На востоке золото ценилось дешевле, и ему выгодно было продавать в Риме за серебро и за серебро же покупать. Но Луцию было тяжело нести несколько тысяч серебряных монет. Золотом рассчитаться было легче.
- Ладно, - все-таки согласился грек, принимая сорок ауреусов за шелк, - я обменяю в Салоне на серебро. Вот видишь, какие убытки я терплю ради дружбы? Да! – хлопнул он себя по лбу. – Я же привез тебе письмо от твоих детей!

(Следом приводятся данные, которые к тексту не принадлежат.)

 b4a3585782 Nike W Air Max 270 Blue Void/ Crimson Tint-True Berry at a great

Перистикл кликнул раба, и тот мигом принес свиток. Грек отдал его Луцию и, поглядев на него с теплой и на этот раз искренней улыбкой, уже без прежней крикливости предложил:
- Переезжай и правда в Салону, Луций. Откроешь лавку. Я нашел одного финикийца в Тире, он берется сделать мне большую скидку… Мы с тобой уже давно знакомы, и я буду давать хорошие цены тебе. Мне нужен хороший человек в Салоне. Там сейчас большие деньги… а тут, - грек поглядел на зеленые склоны гор, на тихие крыши города и вздохнул, - а тут тебя ждет только разорение.

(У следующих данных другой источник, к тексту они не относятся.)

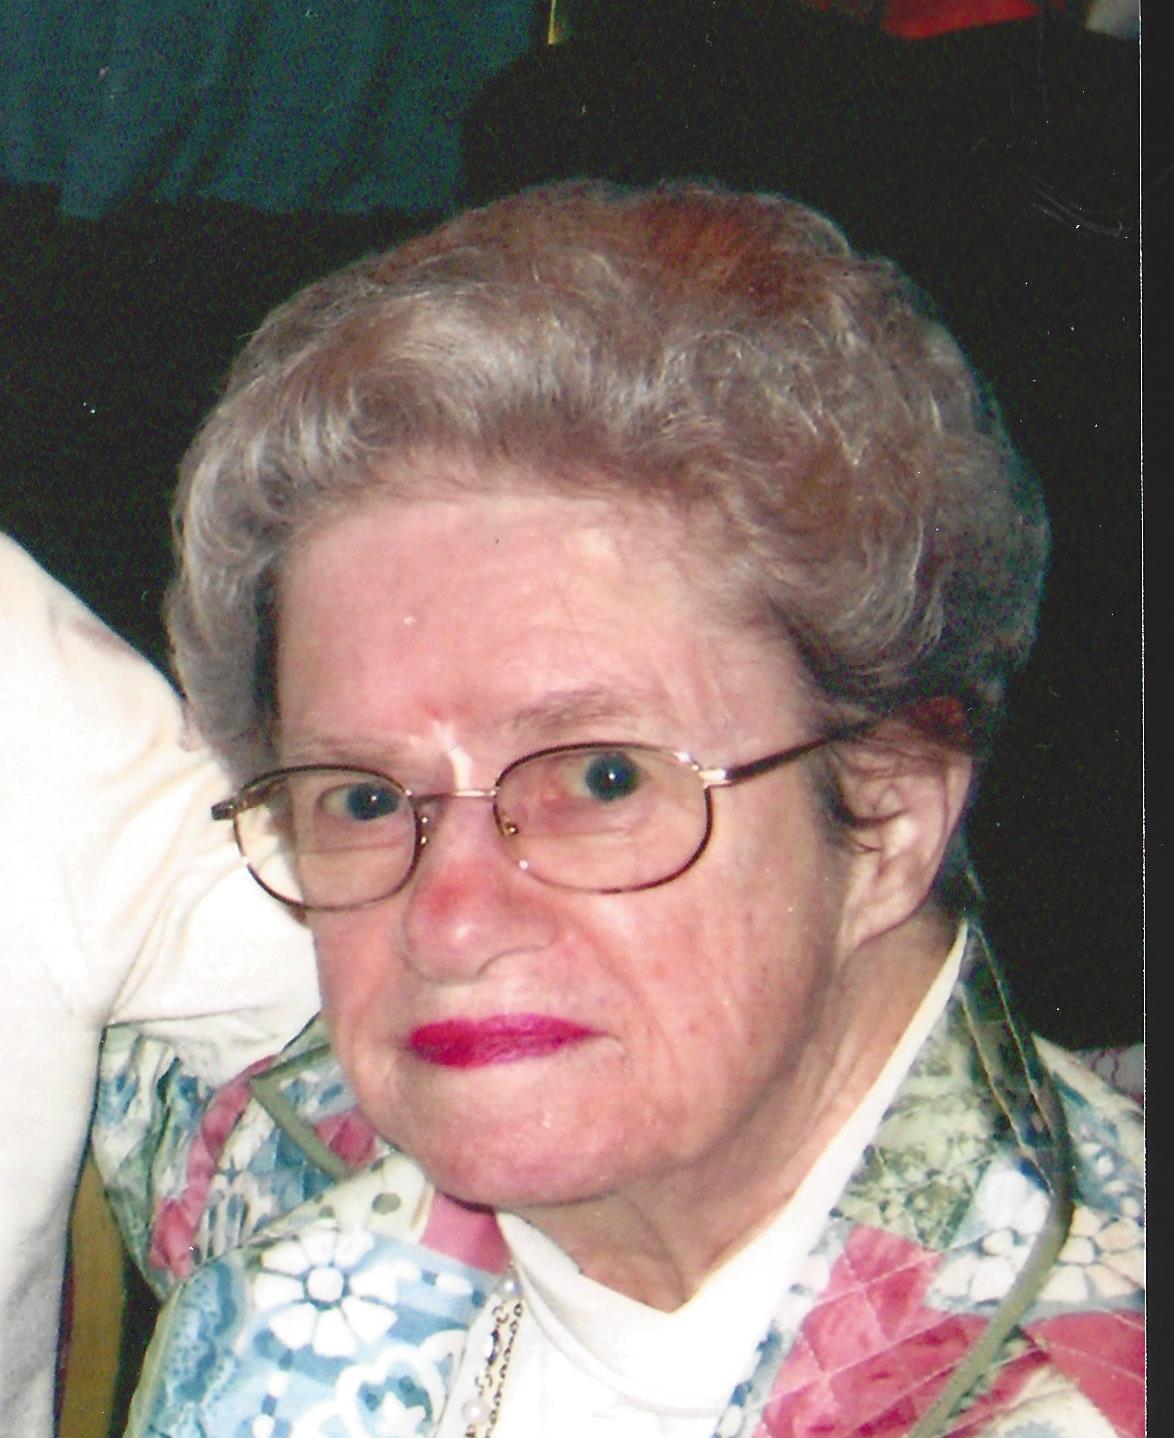 PATRICIA ROSE SCANLON

Марцелл ответил не сразу. В словах грека было много здравого смысла, и когда он глядел на довольно дорогую тунику Перистикла, плащ из тирской шерсти, румяное лицо, ему казалось, что грек прав. Надо перебираться в Салону. Тем более что там живут его дети.
- Домашней птице трудно решиться лететь с перелетными, когда она давно не летала, - вздохнул Марцелл. – Я давно думаю об этом, но пока не решился. Подумаю еще. Благодарю тебя, Перистикл!

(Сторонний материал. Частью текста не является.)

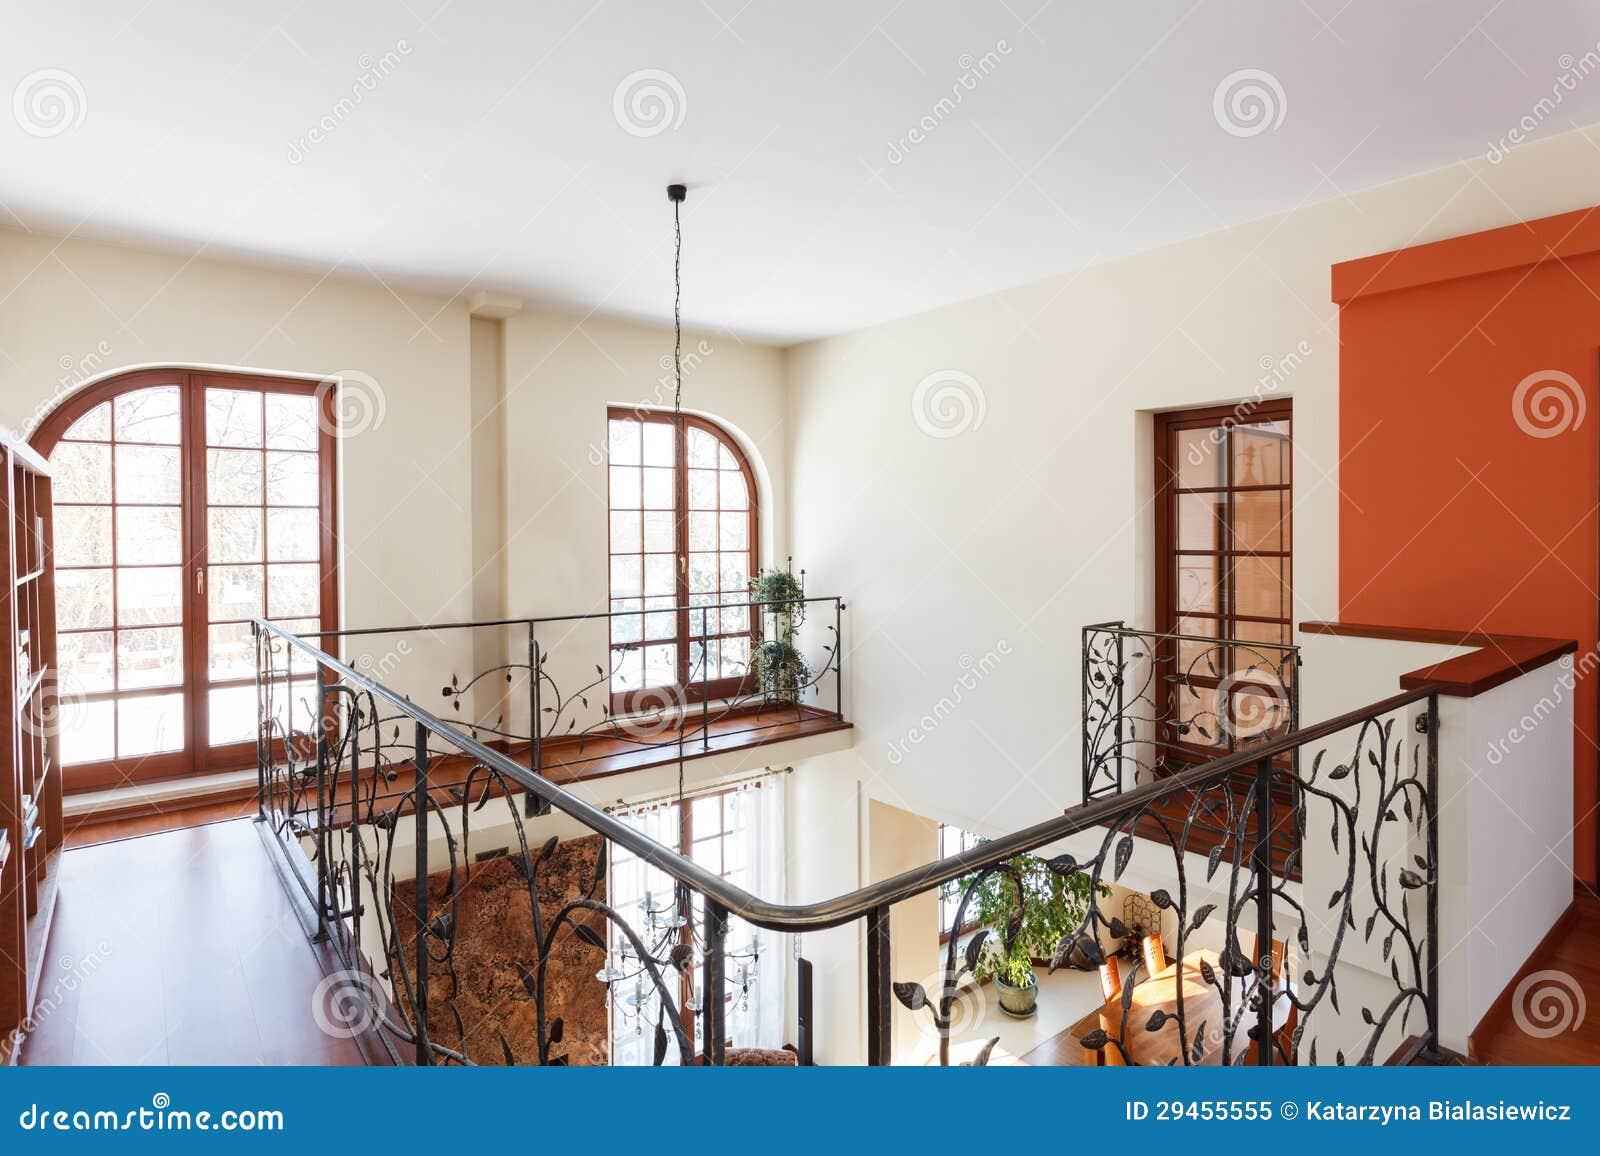 Elegant huis mezzanine stock afbeelding afbeelding bestaande uit huis 29455555 - Huis mezzanine ...

- И тебе горячая моя благодарность! Да ниспошлют боги тебе своей милости! – вернулся к своему нескладному языку грек.
Закончив с формальностями сделки, Луций предложил корабельщику пройти в его дом и отобедать.
- Нет, что ты! Погляди на мою красавицу! Она же просто не может стоять на месте, - грек махнул рукой в сторону либурны, которая словно в подтверждение его слов легонько качнула мачтой. – К тому же я обещал еще сегодня быть в Эпидавре. Меня ждут дела.
Пожав друг другу локти, торговцы распрощались. Перистикл поднялся на либурну и приказал отдавать концы, а Луций проследил, чтобы Федр и портовый раб взяли товар, и пошел обратно к лавке.
На обратном пути торговец крепко сжимал свиток с письмом от детей и думал о том, с какой легкостью молодой раб поднял штуку льна на плечо. Растет мальчик. И скоро уже придется от него избавляться, фракийцы становятся строптивы с возрастом. Его надо будет продать, и подобрать нового. Вспомнилось, что у Клавдия, торговца стеклом, подрастает мальчишка-раб. Этот родился уже здесь, у Клавдия, и должен отличаться покорным нравом. К тому же его мать будет рядом, так что… правда предстояло еще уговорить Клавдия.
Добравшись до лавки и разместив товар, Луций устроился на скамье и собрался прочитать письмо, но стук сандалий на улице заставил его остановиться. Через открытую дверь было видно, как поджарые рабы поставили перед входом носилки, и в лавку вошла степенная Порция, жена римского всадника Горация Туллия.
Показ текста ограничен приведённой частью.